How many of these do they have built?

>

 

They've completed over 100 Raptors and have at least a other 60 or so undergoing assembly.  This is just at Hawthorne CA, and they're building larger Raptor factory at the McGregor, TX test center. SpaceX is targeting a cost of about $250,000/Raptor.

 

A reusable RS-25 for the Shuttle cost about $40 million. A new but disposable RS-25 for SLS will cost $146 million. (link...)

 

S20 rollout. They'll likely stack it for integration checkouts and photo-ops, then bring it down to finish installing the tiles, etc.

 

272418784_Starship20rolloutScreenshot_2021-08-05-15-06-46-256.thumb.jpg.e47e39710dc58f45b546cacb0f005566.jpg

 

 

Edited by DocM
On 07/08/2021 at 04:57, bguy_1986 said:

I've been meaning to watch this.  Haven't had time yet:

 

Not a lot of detail in there. A few tidbits that are interesting, a lot of time talking about business philosophy. Interesting if you have some time to waste.

  • Like 2
On 07/08/2021 at 03:33, DocM said:

Do we have any idea of the plan? When they stacked I thought it would be a few weeks, but now they’ve rolled starship back and have stripped engines out of both it looks like it’ll be longer.

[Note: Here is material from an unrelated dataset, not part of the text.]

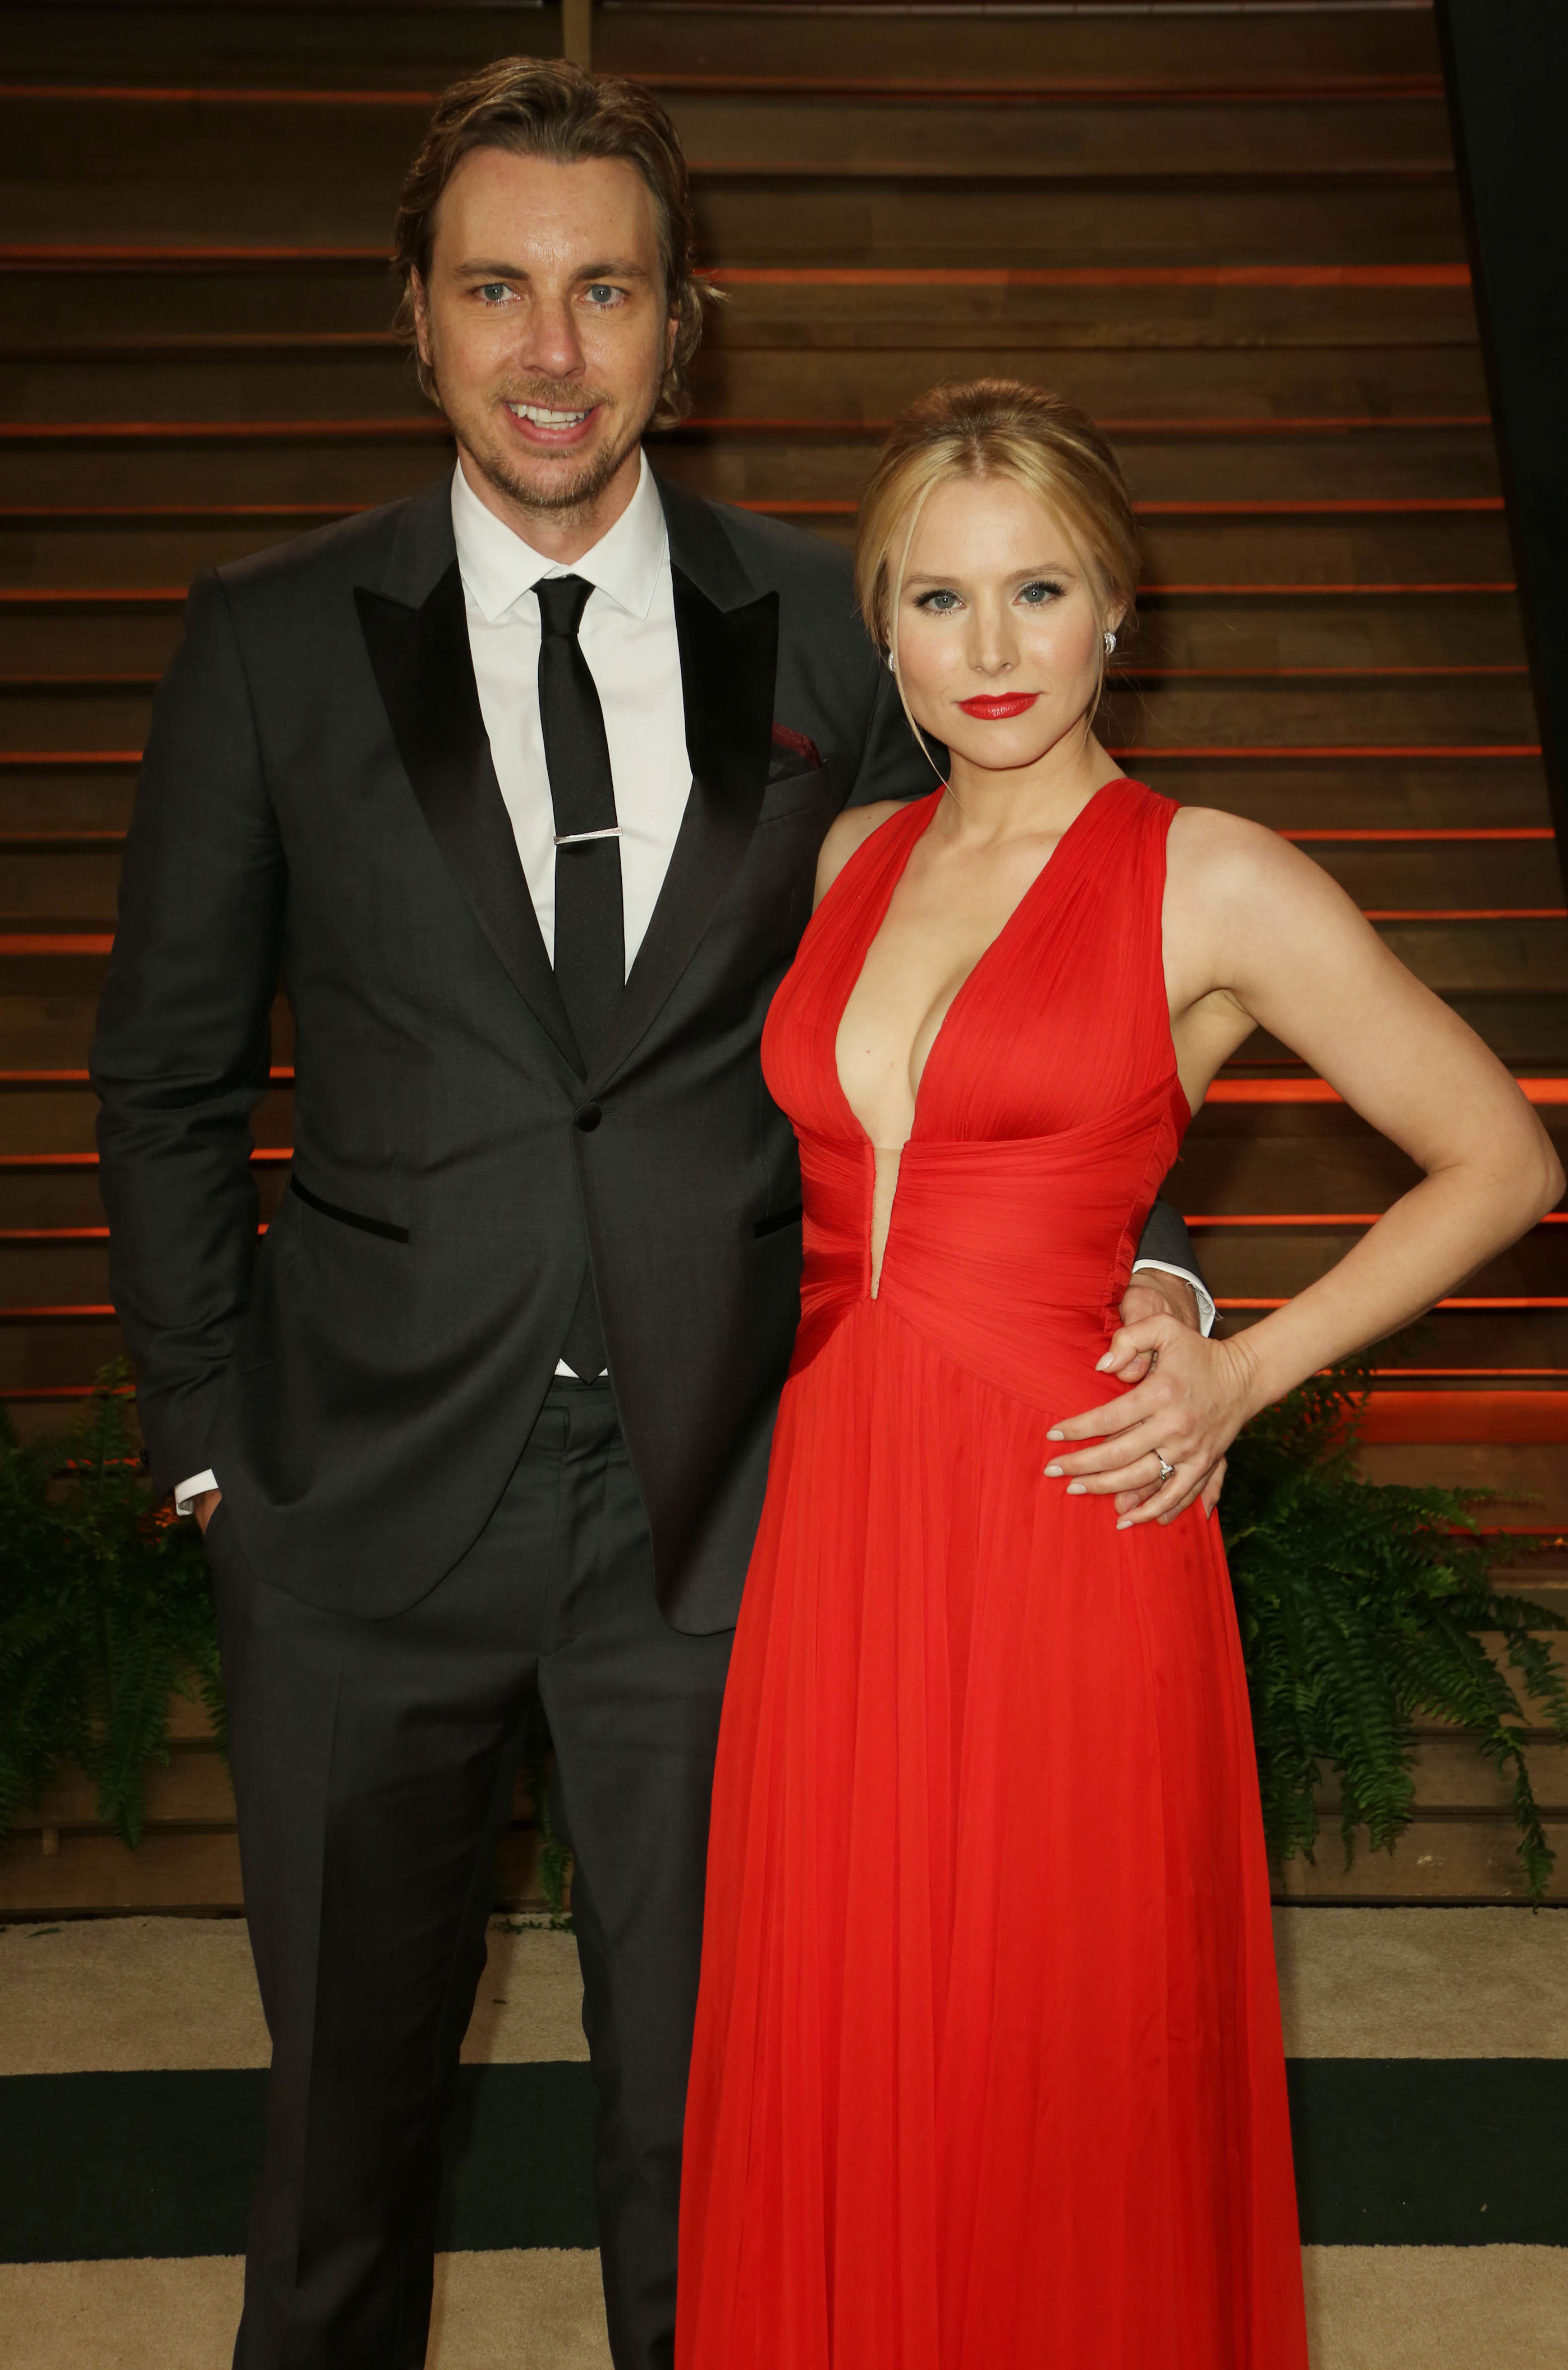 <p>On a November 2019 episode of "<a href="https://www.today.com/video/kristen-bell-remembers-the-first-time-she-met-husband-dax-shepard-73880645593">Sunday TODAY with Willie Geist,</a>" <a href="https://www.wonderwall.com/celebrity/profiles/overview/kristen-bell-561.article">Kristen Bell</a> made it clear that <a href="https://www.wonderwall.com/news/kristen-bell-recalls-no-sparks-first-time-she-met-dax-shepard-3021667.article">it wasn't exactly love at first sight</a> when she first met her now-husband, <a href="https://www.wonderwall.com/celebrity/profiles/overview/dax-shepard-1469.article">Dax Shepard</a>, at a birthday dinner for "Forgetting Sarah Marshall" producer Shauna Robertson in 2007. "I had just gotten out of a long-term relationship like two months prior, and in retrospect, I realize he had just gotten out of a long relationship. … The only thing that I remember is that he talked so much. I was like, 'This guy can talk!'" she recalled. "I didn't know who he was. I'm like, 'Maybe is that one of the guys from 'Jacka**' or something?' … He remembers, 'You were telling a really intense story about a deal you had gotten at Target,' and I was like, 'That sounds like it's on brand.' And then we left. There were no sparks whatsoever. None." Two weeks later, they met again at a hockey game and "started to flirt." The following day, he texted her. Dished the actress, "I get a text that says, 'Hi, my name is Dax. I violated your privacy and got your number from Shauna. How do you feel about that?' And I was like, 'Excuse me? You sound stimulating.' … He's so bold, and that was my kind of person. I was like, 'OK, starting it off with a really good joke that makes me feel, like, butterflies." Added the "Frozen" star, "I fell in love with him way before he fell in love with me."</p>

Some of the engines bells were still white, so the assumption is that they were not even tested yet.

 

The rollout was technically just a stacking test. But I think it was also a political move to get the FAA to move quicker.

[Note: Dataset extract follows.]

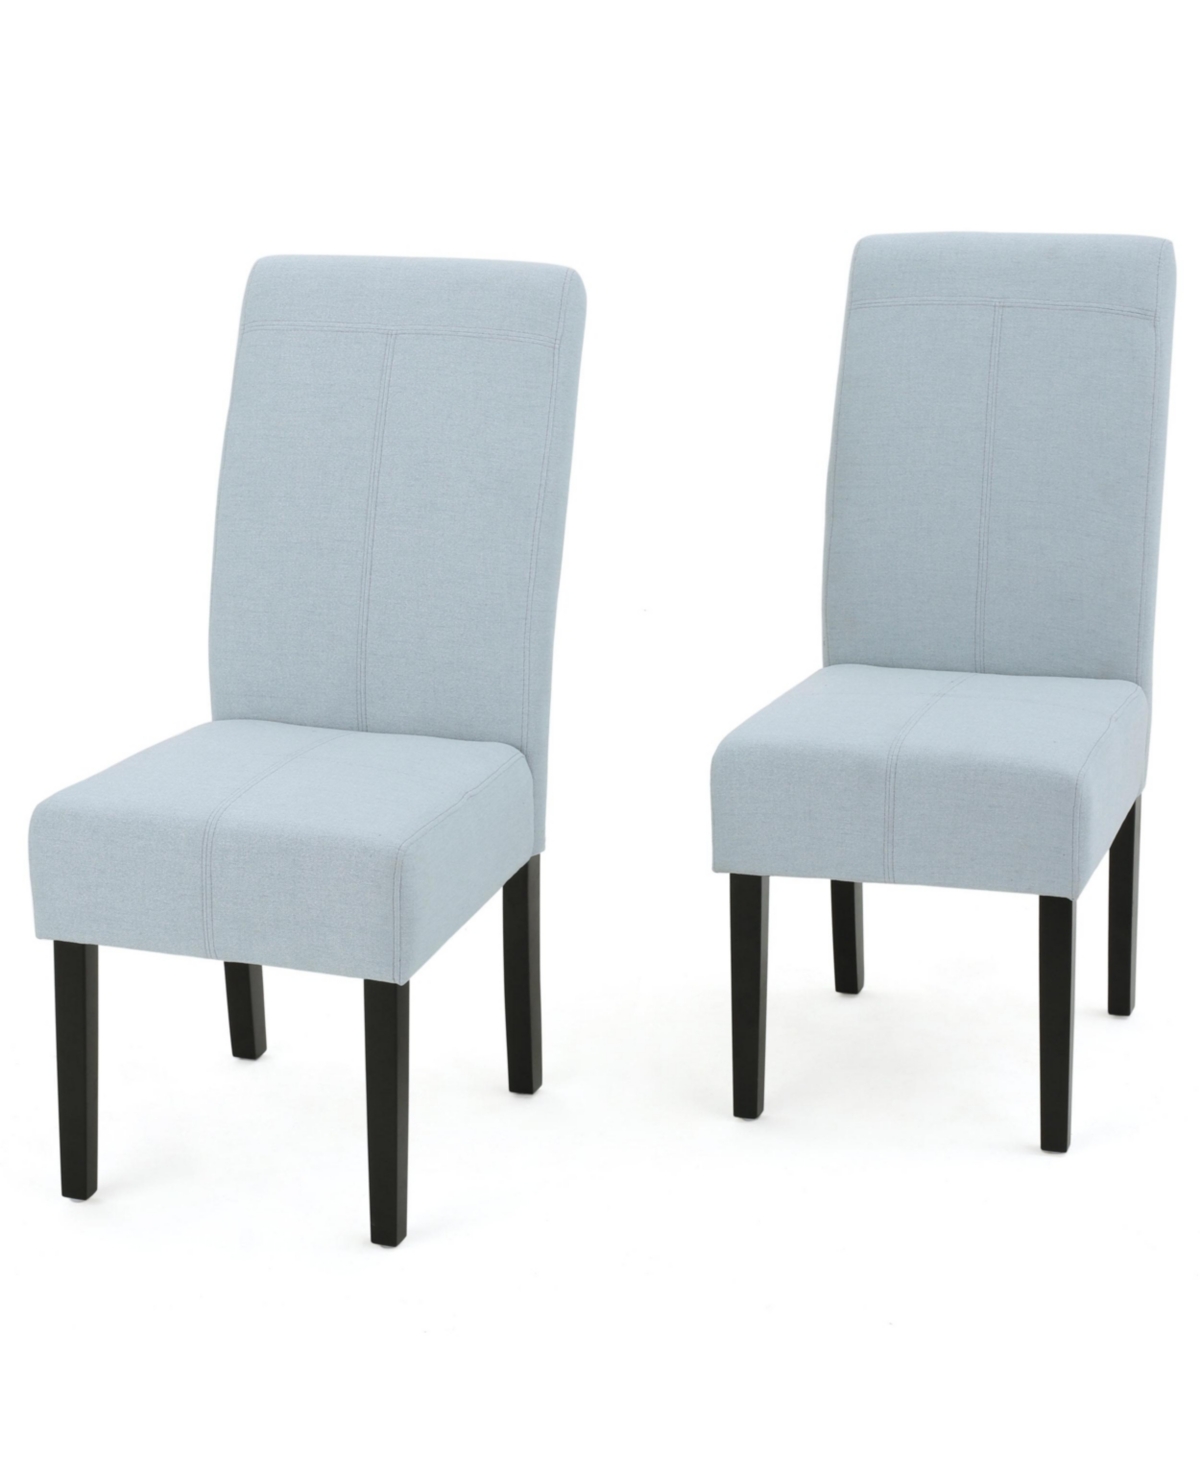 Noble House Pertica Light Sky Dining Chairs Set, 2 Piece

On 09/08/2021 at 10:42, anthdci said:

Do we have any idea of the plan? When they stacked I thought it would be a few weeks, but now they’ve rolled starship back and have stripped engines out of both it looks like it’ll be longer.

Looks like they are planning to light it ~2 weeks...if I'm reading the tweet correctly.

 

 

 

On 09/08/2021 at 18:36, IsItPluggedIn said:

Some of the engines bells were still white, so the assumption is that they were not even tested yet.

 

The rollout was technically just a stacking test. But I think it was also a political move to get the FAA to move quicker.

 

It was also a counterpunch against a bunch of FUD Bezos-connected media has been publishing; a "Context Card" hit piece in the fold of Washington Post (Bezos owns it), another hit-piece on Musk in Tech Insider (Bezos is a stakeholder in Insider Inc.) pushing a hit-piece book, and a Blue Origin (Bezos owned) "infographic" tossing shade at Starship vs. Blue's America's Team. All this after the GAO ruled, so they're drawing a lot of rolled- & side- eyes.

 

Sour grapes.

Edited by DocM

Bezos says it'll take 14  Starsjip Tankers to fill Starship HLS. 16 launches counting the Starship HLS and depot ship.

 

Musk fires back that it'd be 8 to fill 'er up at 150 tonnes/launch, but lunar missions only need a half tank; 4 Starship Tankers. 6 launches counting HLS and the depot ship. 

 

Also, SpaceX's conops allows the depot to be loaded well before Starship HLS launches. 

 

 

 

On 11/08/2021 at 23:51, DocM said:

Bezos says it'll take 14  Starsjip Tankers to fill Starship HLS. 16 launches counting the Starship HLS and depot ship.

 

Musk fires back that it'd be 8 to fill 'er up at 150 tonnes/launch, but lunar missions only need a half tank; 4 Starship Tankers. 6 launches counting HLS and the depot ship. 

 

Also, SpaceX's conops allows the depot to be loaded well before Starship HLS launches. 

 

I'm surprised it will take that much.  We made it to the moon with Apollo.  I know it's a much larger ship, but it can hold a lot more fuel as well.  Is the mass to fuel ratio very different to Apollo?  (I'm sure there are a lot of other factors as well).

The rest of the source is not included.